String concatenation (which in Python happens to use ‘+’ instead of ‘|’, for instance, is a very standard operation. There is no one string ‘subtraction’ operation. Among others, Python has

>>> 'AV'.removeprefix('V')
'AV'
>>> 'AV'.removesuffix('V')
'A'
>>> 'VAVAV'.strip('V')
'AVA'
>>> 'VAVAV'.replace('V', '')
'AA'
4 Likes

clearly all your examples work fine, but
‘AV’ - ‘V’ is simpler, faster. 8 char vs ~22

you

There is no one string ‘subtraction’ operation

me
“ There didnt used to be airplanes either”

Well, it’s definitely faster right now because it simply raises a
TypeError exception. There is no defined behavior for it, at least
not yet.

I think what’s missing from your proposal is an explanation of which
of the many behaviors that could be described as “string
subtraction” you suggest that operator should perform. A list of
some possibilities was suggested. Which one do you think is most
like “subtraction” and why?

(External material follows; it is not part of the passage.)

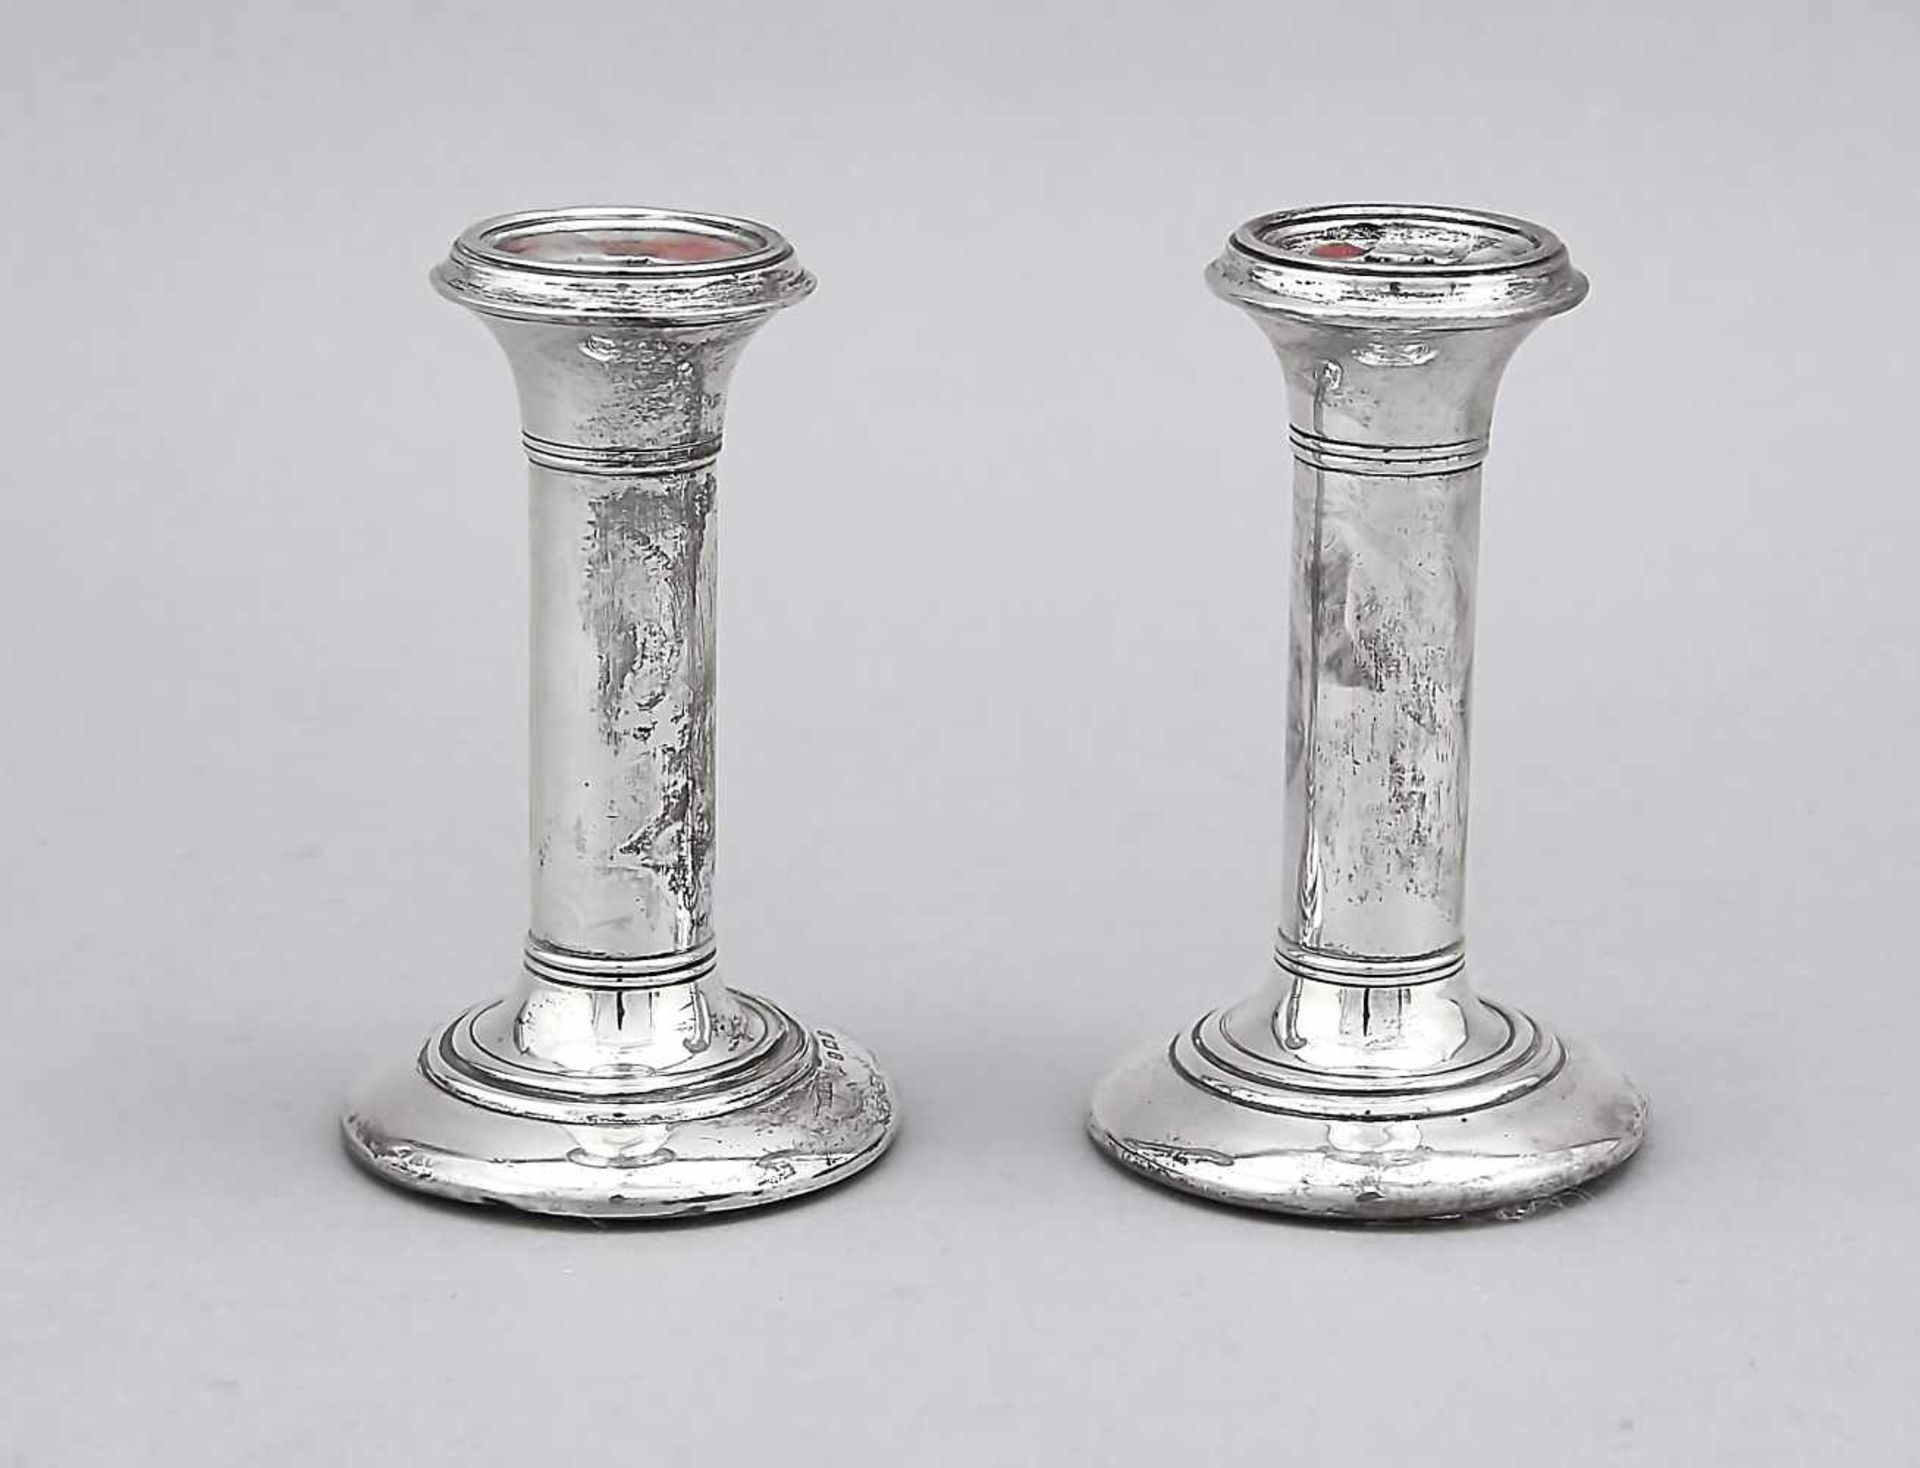 Pair of candlesticks, England, 1904, hallmarked Charles S. Green & Co., Ltd., Birmingham,

Or is there a different behavior you
think would fit better?

Also be aware, many proposals have been made for new operator
behaviors purely on the grounds that they don’t exist, without a
clear reason for their necessity. Those proposals never go anywhere,
because the sheer absence of something isn’t reason enough to create
it.

The existence of a + operator for concatenation doesn’t demand that
there be an opposite - operator to balance it out. And what exactly
would the absence of concatenation be? How would you suggest to
define it precisely in a function, for a clear prototype?

1 Like

by paragraphs

  1. states the obvious. IF its not obvious, at a higher viewpoint I’m
    suggesting burying as much of the string operations boring code by
    condensing it into single letters that follow a + or a - sign.

encapsulation… by condensing string method calls to a single letter.

R for recursive, S for split, T for trim etc….

  1. a list of possibilities was suggested, all less clear, slower
    than my example. using the 3rd argument with letters in range A-Za-z
    could reduce string operations to a single letter for ~50 diff string ops.

thats prob a few billion less lines of boring string manip code or more per year :slight_smile:

  1. i’ve shown the clear reason for a minus sign in string work already
    (far less typing, faster, intuitively clear)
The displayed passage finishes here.